• EXERCISE DATA:
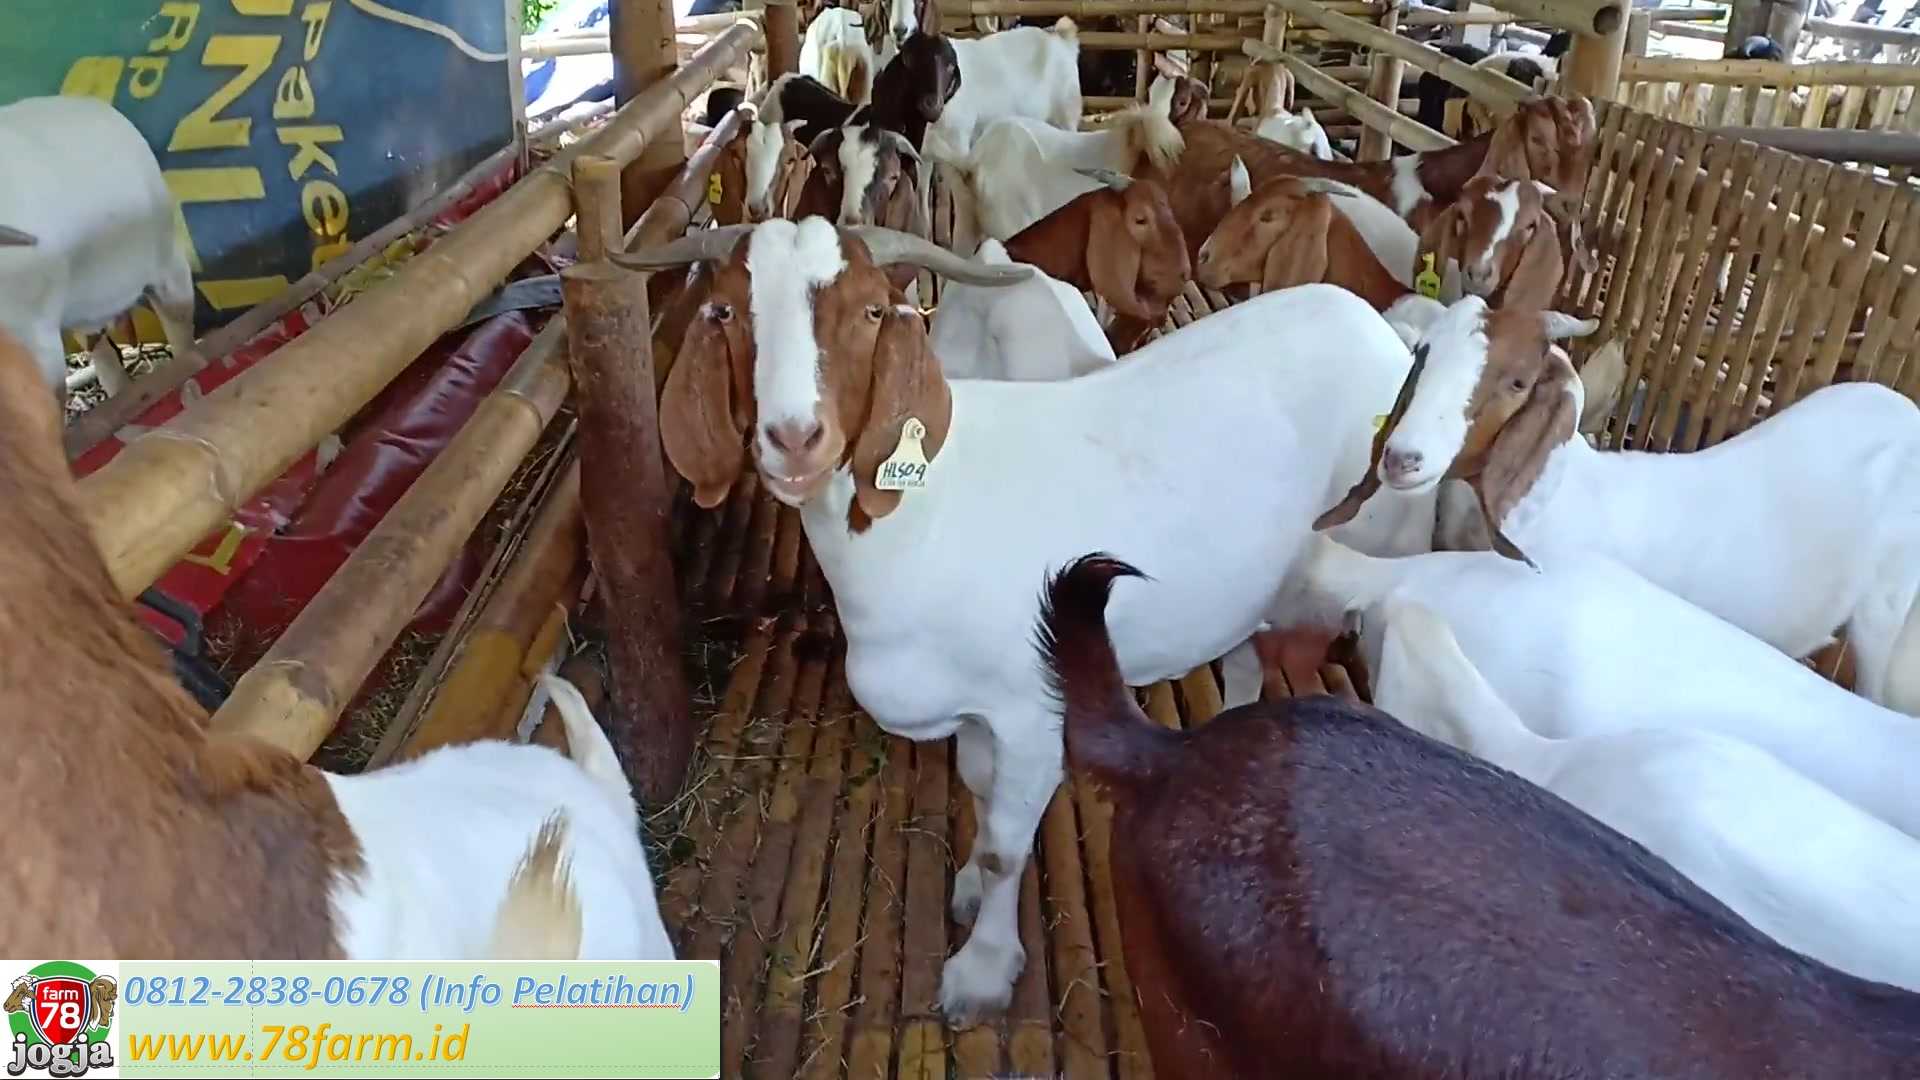 Pelatihan Peternakan Domba Garut Yogyakarta
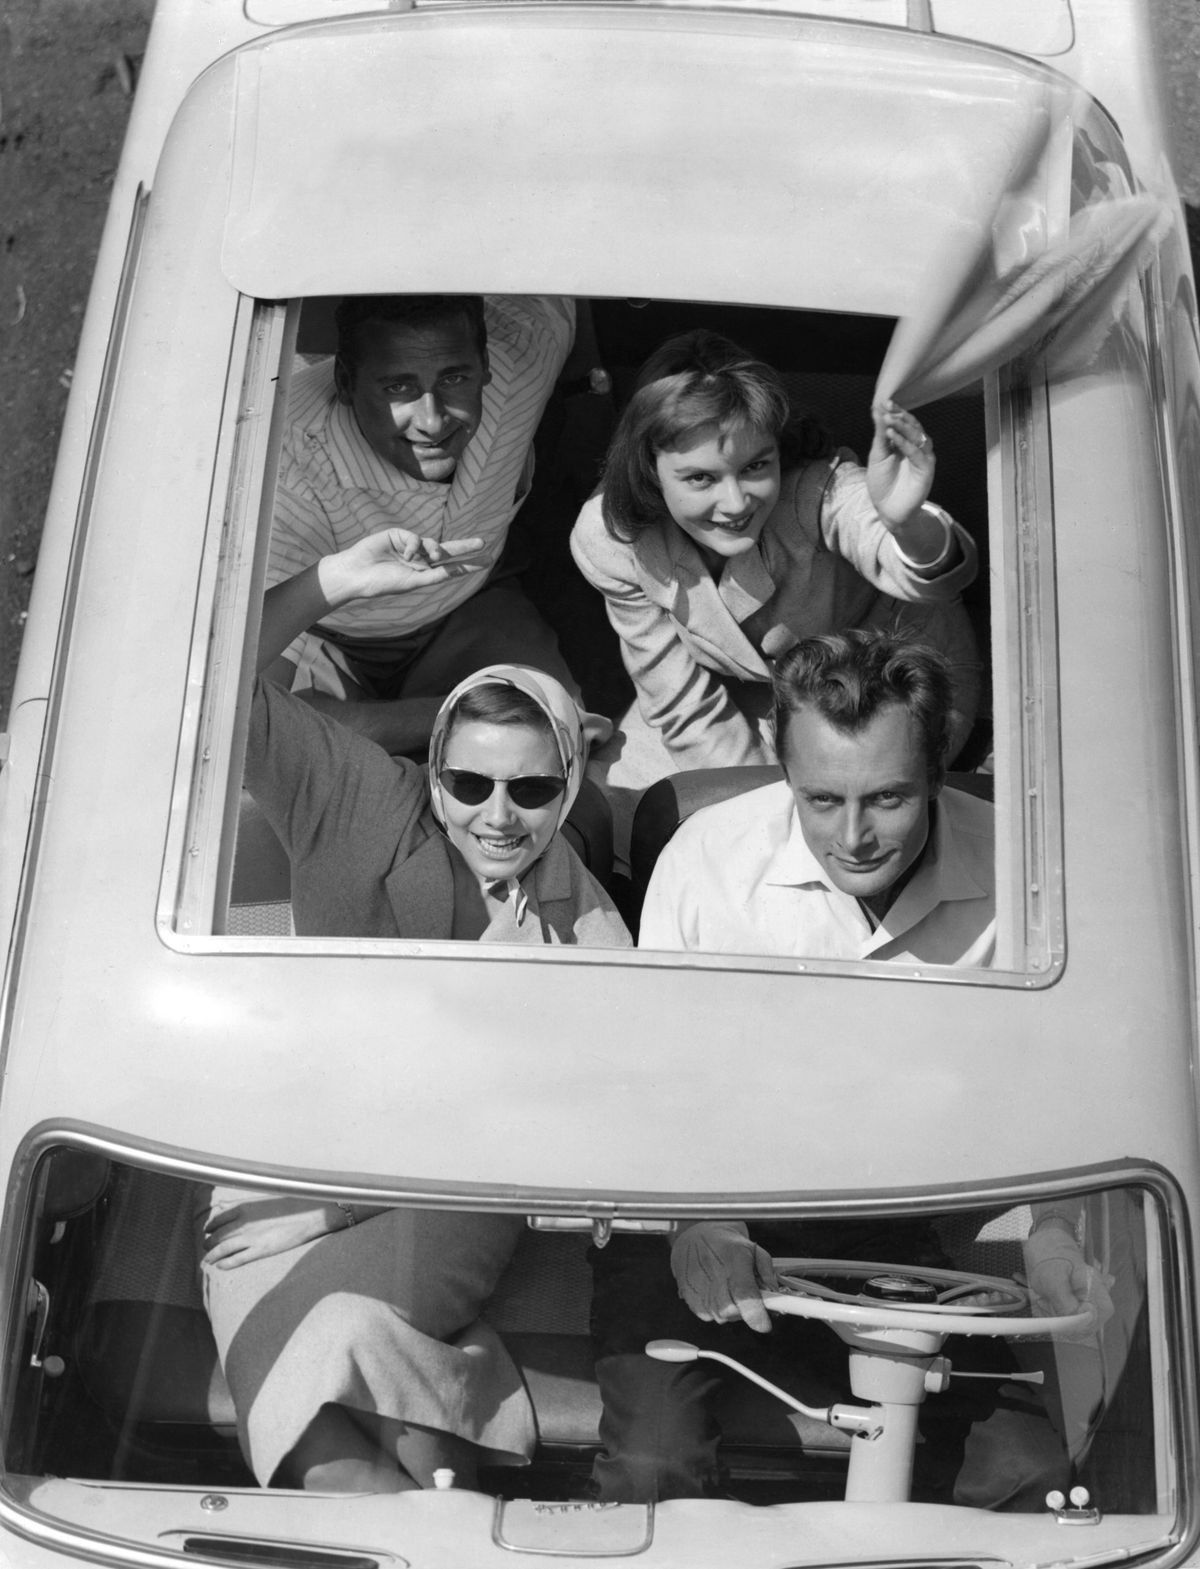 noored, kes viipasid 1950. aastatel avatud kabriolettist
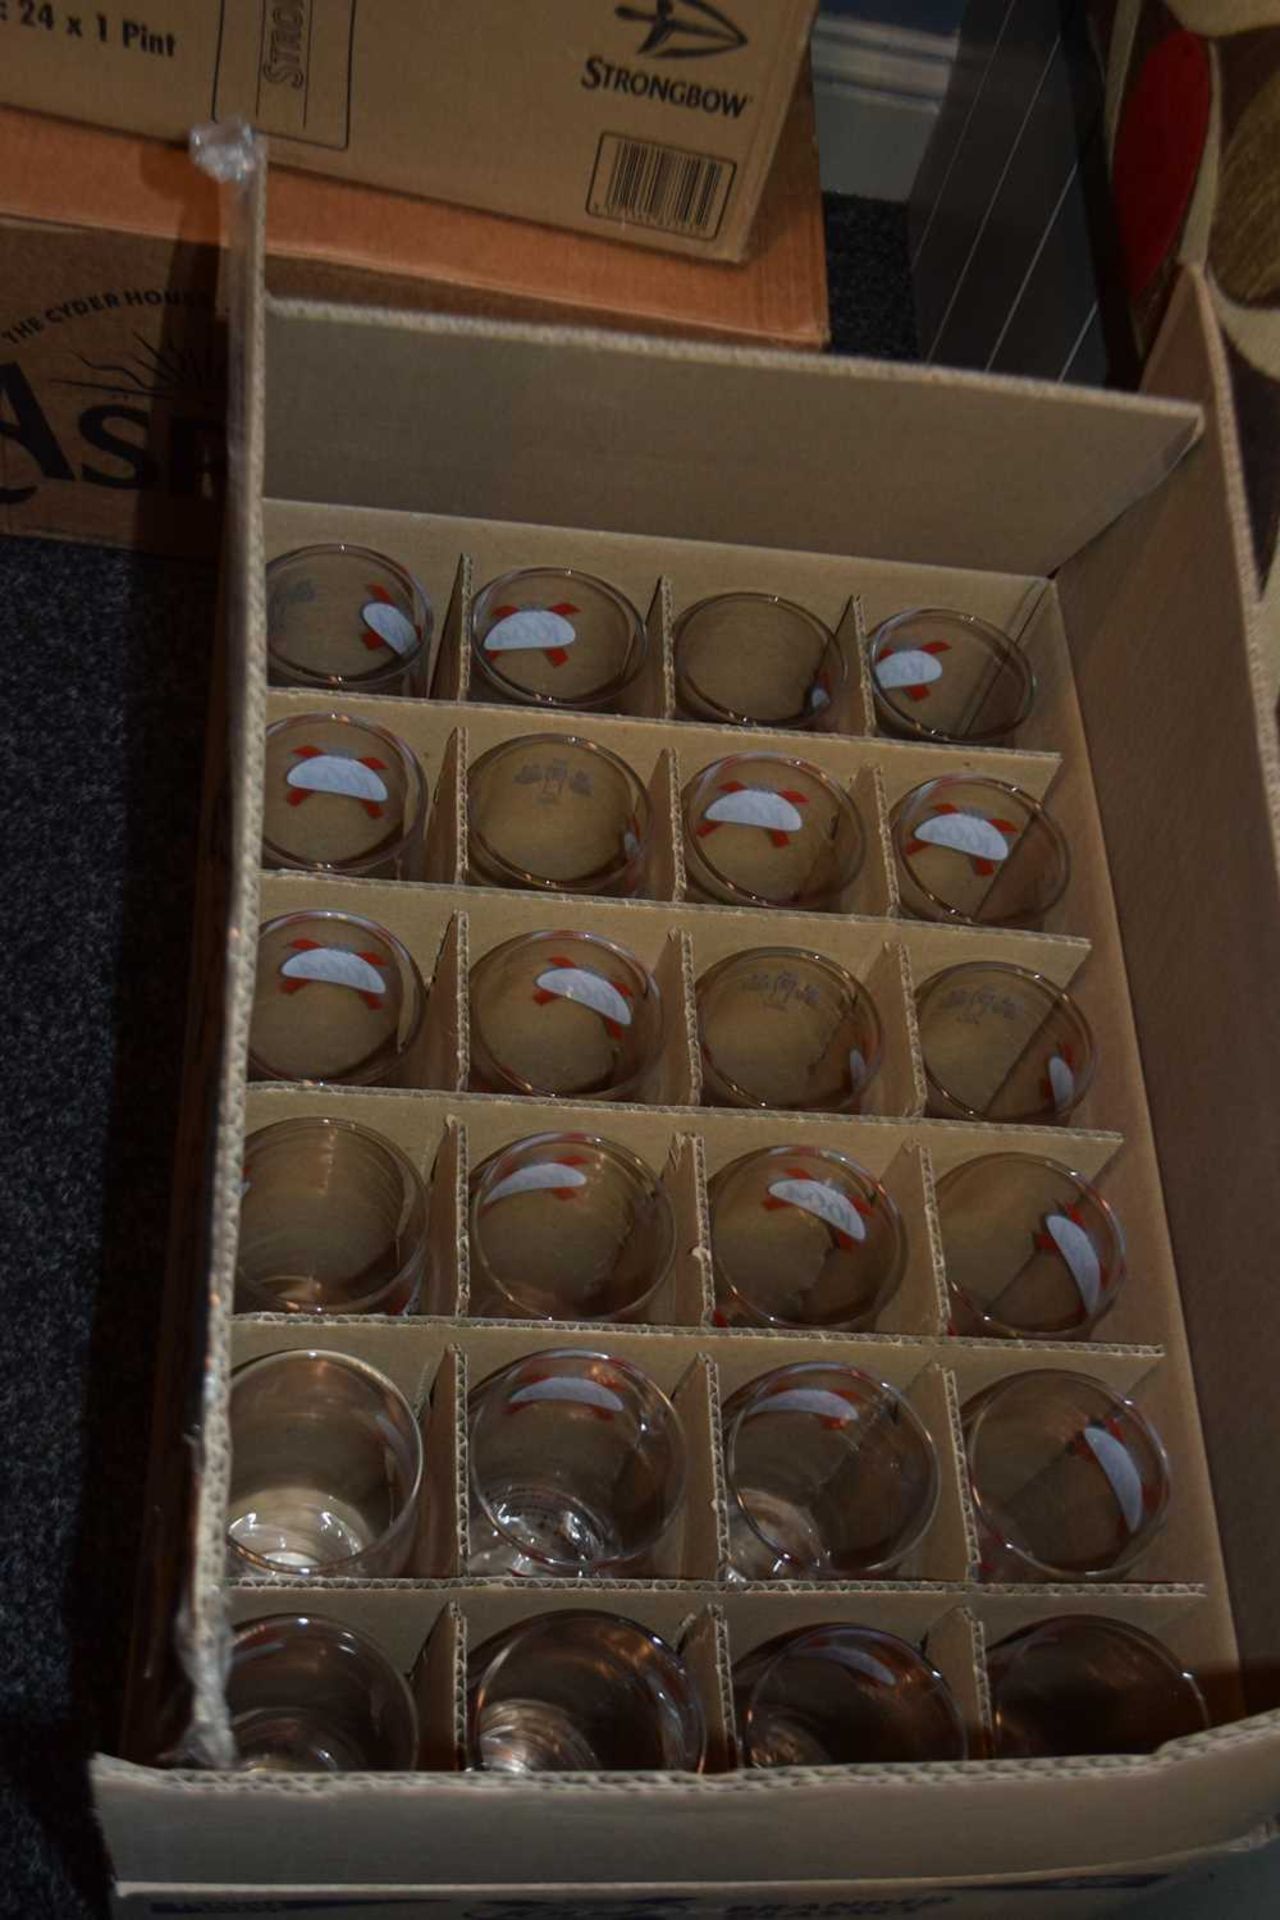 Box of 24 branded Kronenbourg pint glasses
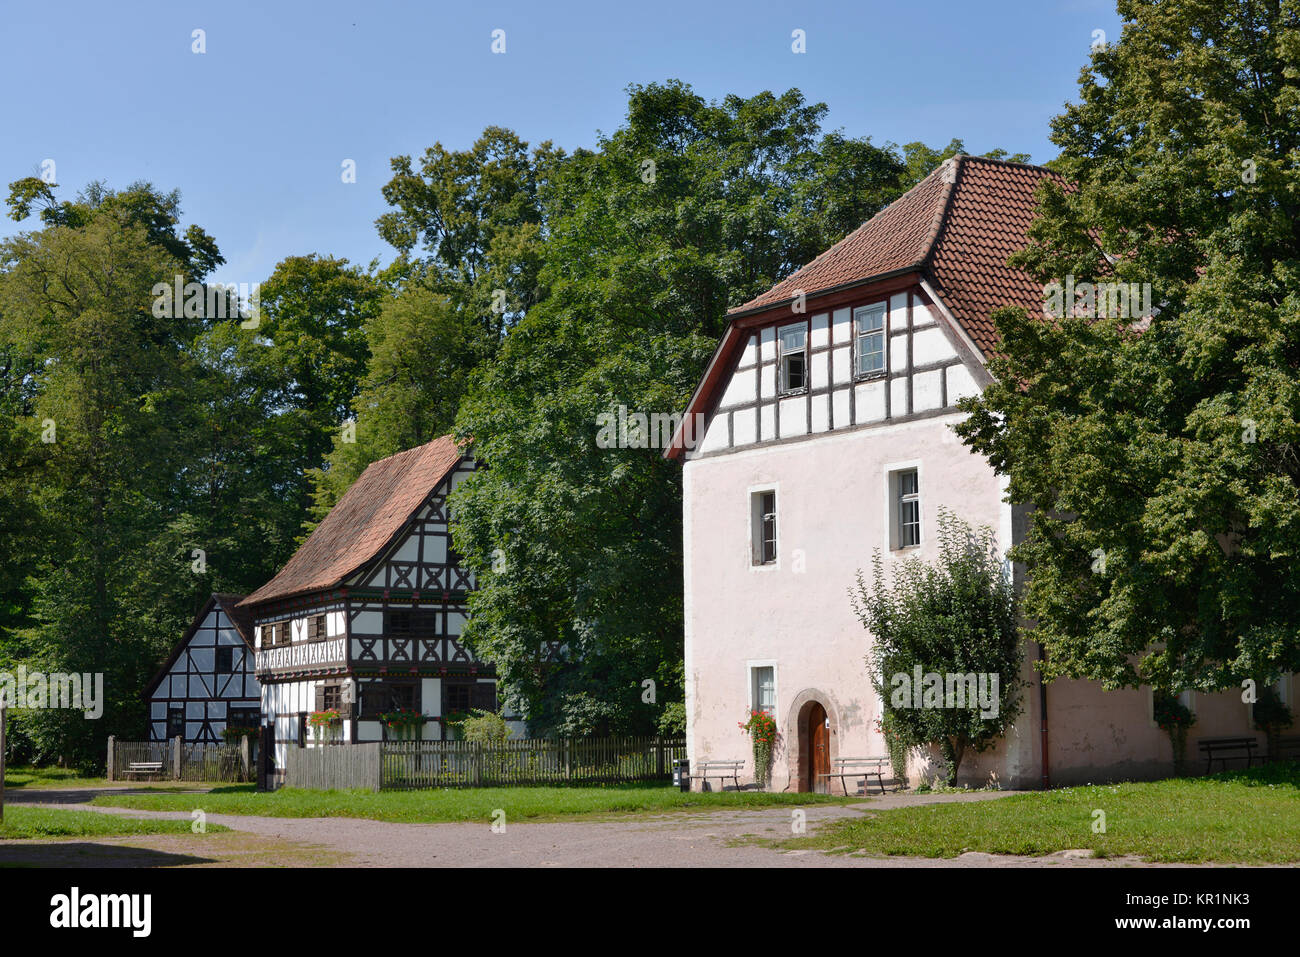 Bauernhäuser, Freilichtmuseum, Vessra, Thüringen, Deutschland, Bauernhaeuser, Freilichtmuseum, Thüringen, Deutschland Stockfoto

• PROBLEM DETAILS:
Your task is to repeat the material above exactly, without its pictures.

• COMPLETED EXERCISE:
 Pelatihan Peternakan Domba Garut Yogyakarta
 noored, kes viipasid 1950. aastatel avatud kabriolettist
 Box of 24 branded Kronenbourg pint glasses
 Bauernhäuser, Freilichtmuseum, Vessra, Thüringen, Deutschland, Bauernhaeuser, Freilichtmuseum, Thüringen, Deutschland Stockfoto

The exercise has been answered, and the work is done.